Ein Besuch aus Brüssel und Straßburg ist in Schalksmühle nicht alltäglich. Daher gab es zwischen Bürgermeister Jörg Schönenberg, SPD-Europa-Abgeordneter Birgit Sippel, der SPD-Bundestagsabgeordneten Nezahat Baradari und dem Vorsitzenden des SPD-Ortsvereins Hajo Kapfer am Mittwochmittag, 6. März, viel Gesprächsstoff. Gemeinsam blickten sie auf die Herausforderungen und Krisen zurück, mit denen die kleine Gemeinde Schalksmühle in den vergangenen Jahren konfrontiert war und aktuell immer noch ist.
Integration: Ein Schlüsselaspekt für Schalksmühle
Die Flüchtlingskrise beschäftigt Schalksmühle seit 2015 – mit Höhen und Tiefen. Bürgermeister Schönenberg betont dabei ein Hauptproblem, das die Aufnahme von Geflüchteten besonders schwierig macht: „Es gibt keine Planungssicherheit“. Mehrere Faktoren prasseln gleichzeitig auf die Behörden ein – Wohnraum, Kita-Plätze, Einschulungen und Deutsch-Sprachkurse. Im Jahr 2022 folgte dann die nächste Krise mit dem Beginn des Ukraine-Kriegs. „Schalksmühle hatte großes Glück. Gott sei Dank hatten wir die Holzhäuser am Jahnsportplatz nicht abgebaut“, sagt Schönenberg mit dem Hintergrund, die Holzhäuser vor dem Ukraine-Krieg noch vermarkten zu wollen.
Doch bei der Thematik ginge es nicht nur um Geld – Finanzmittel erhielten die Kommunen ausreichend. Die Herausforderung für Schalksmühle liege in der Integration, im Einbringen von Geflüchteten in den Alltag. In all diesen Punkten stimmt Birgit Sippel dem Bürgermeister zu. „Kommunen stehen vor mehreren Herausforderungen, die alle gleichzeitig angepackt werden müssen“, weiß sie und erwähnt dabei auch die Klimakrise sowie die Digitalisierung. Es könne nicht sein, dass Geflüchtete über Jahre geduldet werden, nur um nach zehn Jahren aus Deutschland geschickt zu werden. „Entscheidungen müssen schneller gefällt werden: in Arbeit, Integration und Sprache“.

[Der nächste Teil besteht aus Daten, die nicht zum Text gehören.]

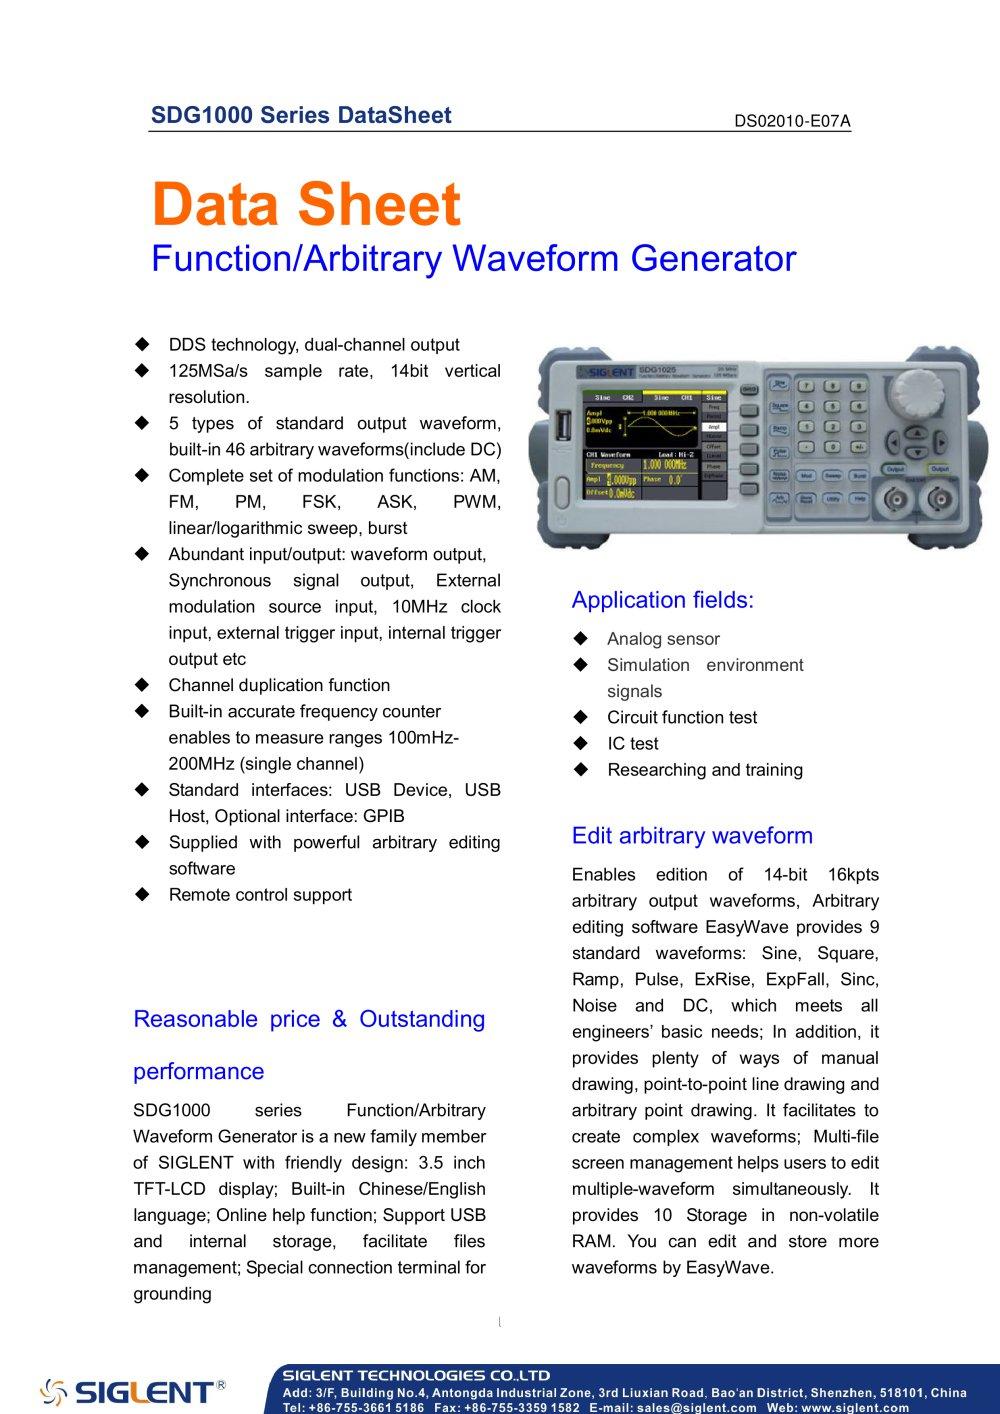 Siglent Sdg1000 Series Datasheet Function Arbitrary Waveform Working Of Generator Circuit 1 10 Pages
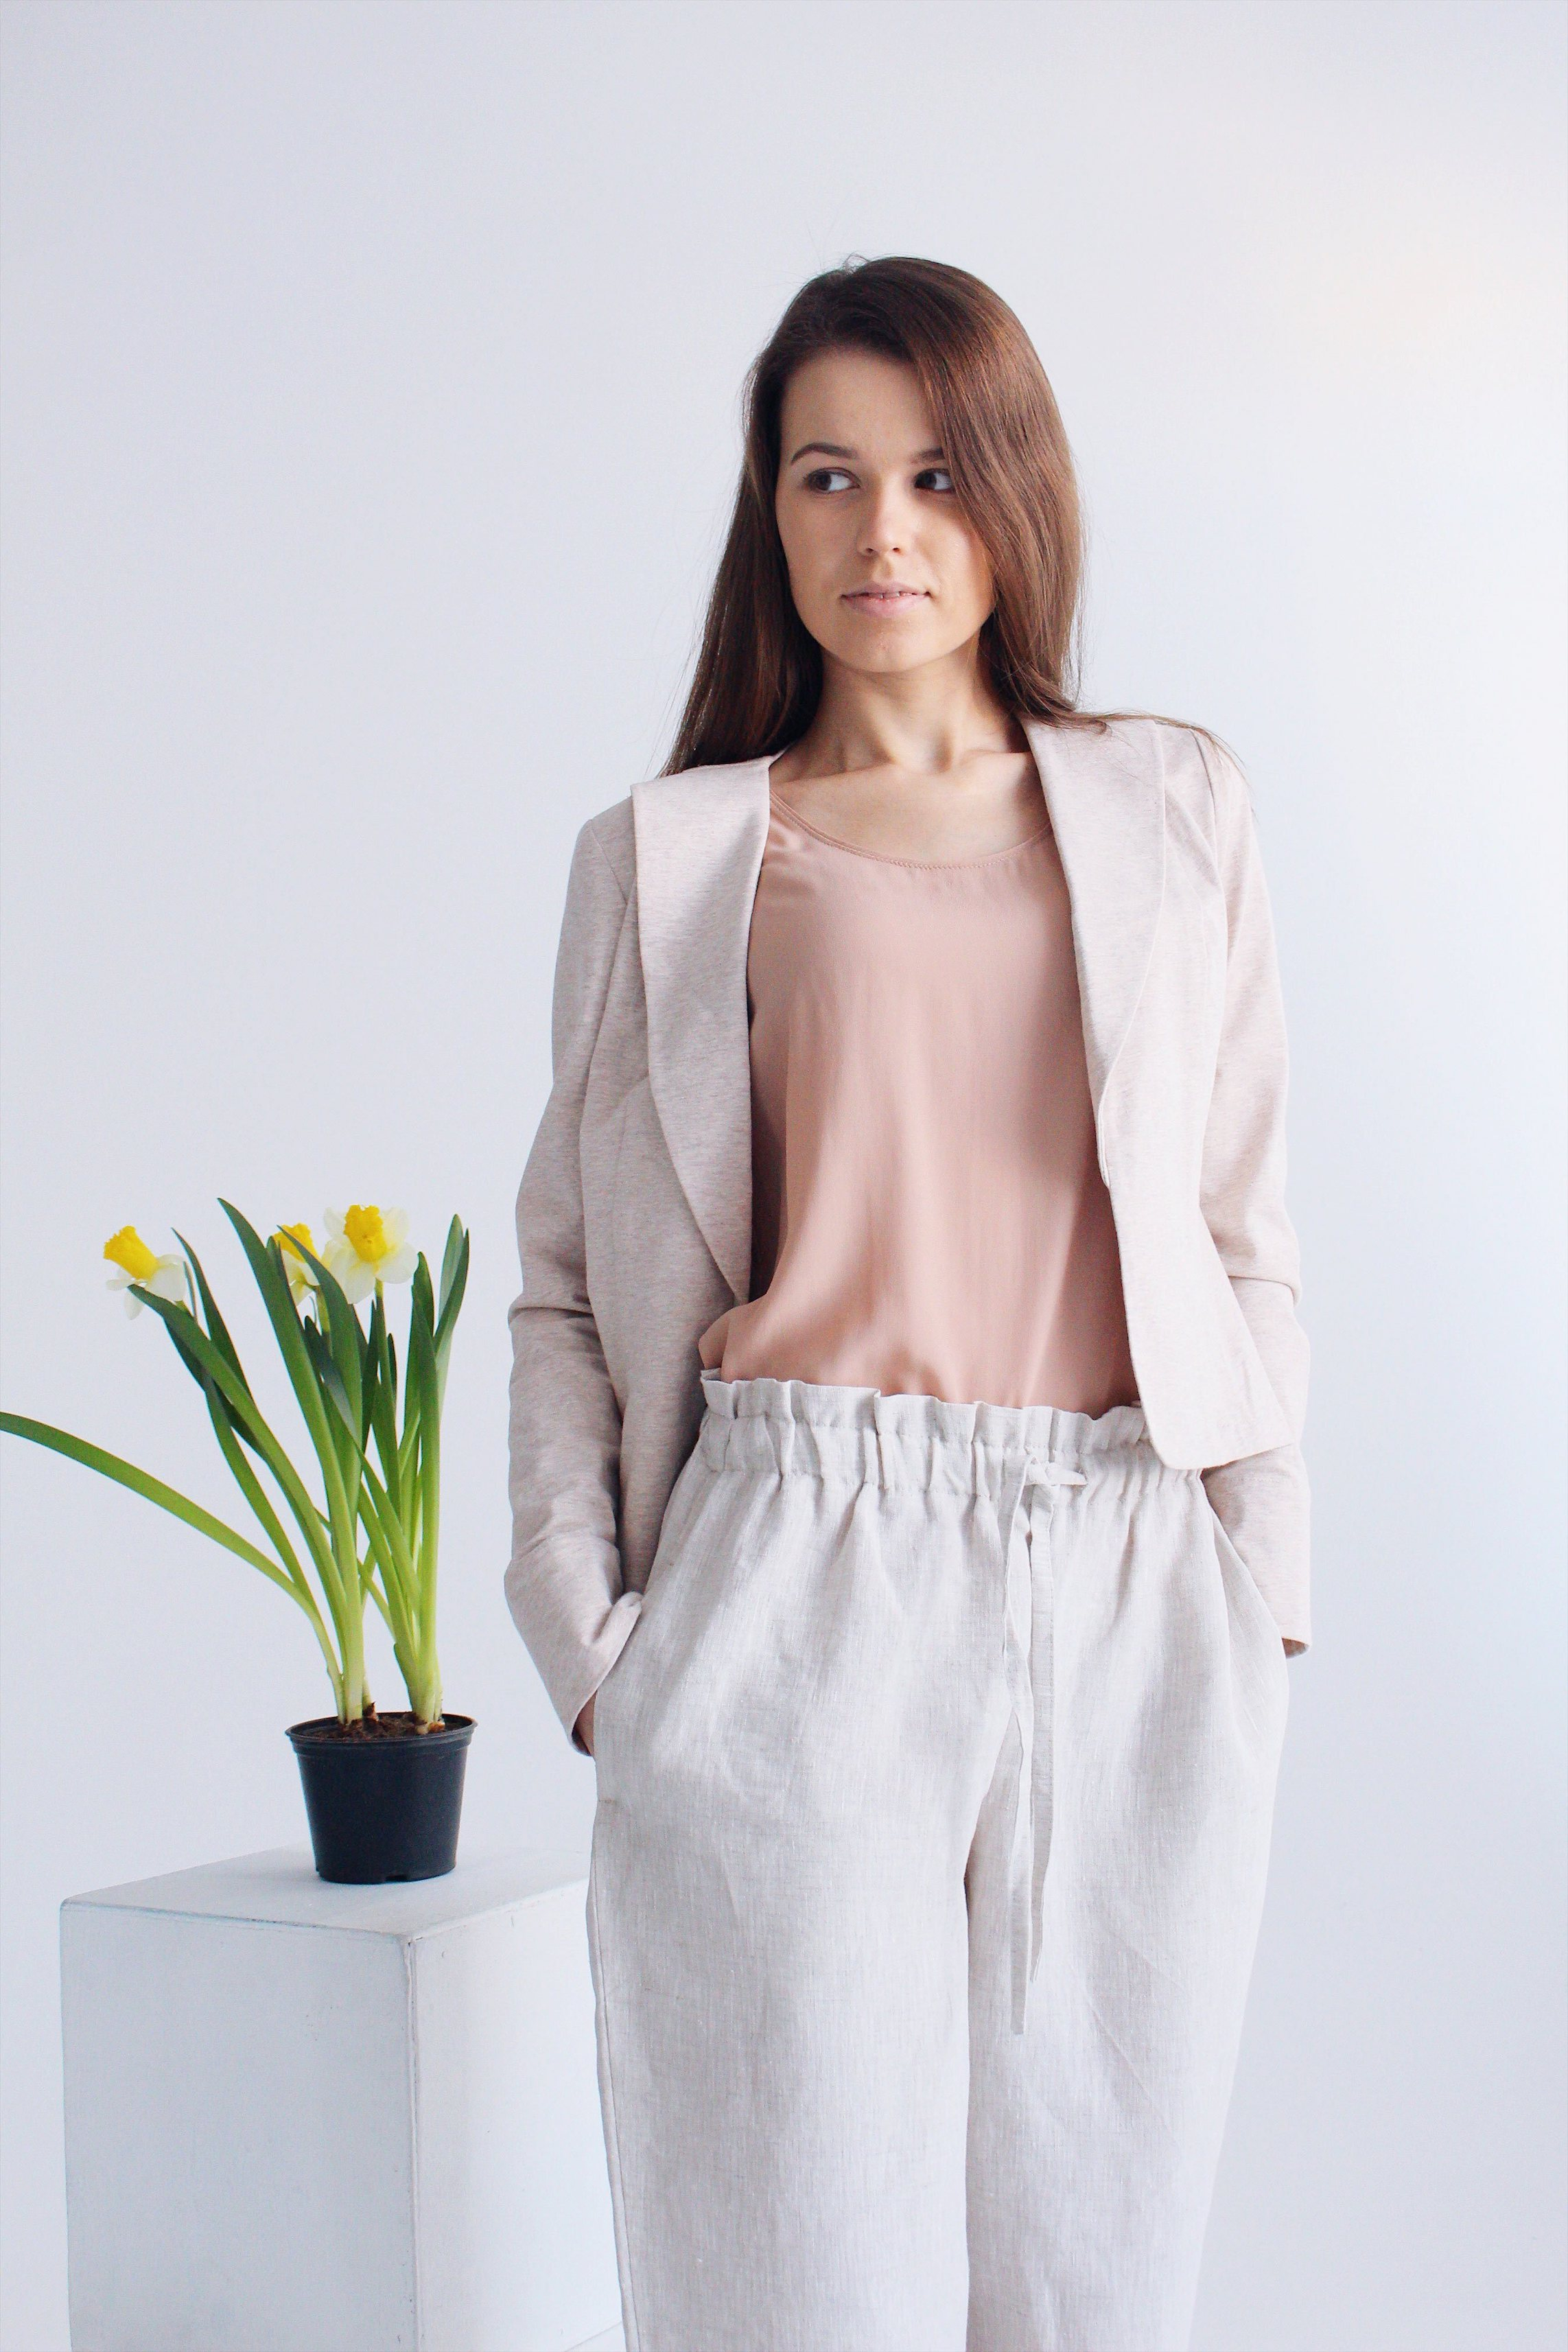 Made To Order Clothing - Dressarte

„Prozesse sind wichtig, nehmen aber kein Ende“
Südwestfalen ist ein wirtschaftsstarker Standort – und soll es bleiben, hofft Schönenberg. Denn es gäbe einige Mängel, die Unternehmen dazu zwingen, wegzugehen. „Wir haben ein Desaster, was die Infrastruktur angeht“, betont der Bürgermeister und verweist unter anderem auf die Bahn, die seit Sommer 2021 nicht mehr im Betrieb ist – auch kaputte Brücken und Straßen. Das „Gesamtpaket“ müsse stimmen. „Wir müssen der Wirtschaft vernünftige Rahmenbedingungen schaffen“, stimmt Sippel zu.
Dazu gehöre unter anderem, Prozesse anzukurbeln und sie nicht über Jahre zu vernachlässigen – wie etwa der Regionalplan und der Volmetal-Radweg, über die seit Jahren diskutiert wird. „Das ist ernüchternd. Prozesse sind wichtig, nehmen aber kein Ende. Wir gehen Dinge an und kommen nicht weiter. Ein Problem, das Deutschland hat“, weiß Schönenberg. „Was wir manchmal unterschätzen, ist nicht nur die Bürokratie, sondern auch, wenn alle drei Jahre ein neues Gesetz herauskommt“, fügt Sippel hinzu.
Vernünftige Auseinandersetzungen statt endloser Uneinigkeit
Sippel freut es, dass Kundgebungen für Demokratie, Vielfalt und Toleranz nicht nur in Großstädten stattfinden. Auch Schalksmühle setzte am 23. Februar ein Zeichen. „Die Populisten profitieren von Streit und Uneinigkeit. Wir haben der AfD damit eine große Tür geöffnet – und das ärgert mich“, betont Schönenberg. Dem pflichtet auch Sippel bei: „Es ist die Aufgabe der Politik, bei strittigen Themen einander zuzuhören“.
Nach anderthalb Stunden war noch Zeit für einen kurzen Spaziergang durch den Ortskern von Schalksmühle, bei dem die kleine Delegation dem Inhaber des „Hotel Zur Post“, Jochen Bernsdorf, einen Besuch abstattete. Am Abend bestand noch die Gelegenheit für Gespräche mit interessierten Bürgern im Café Breddermann.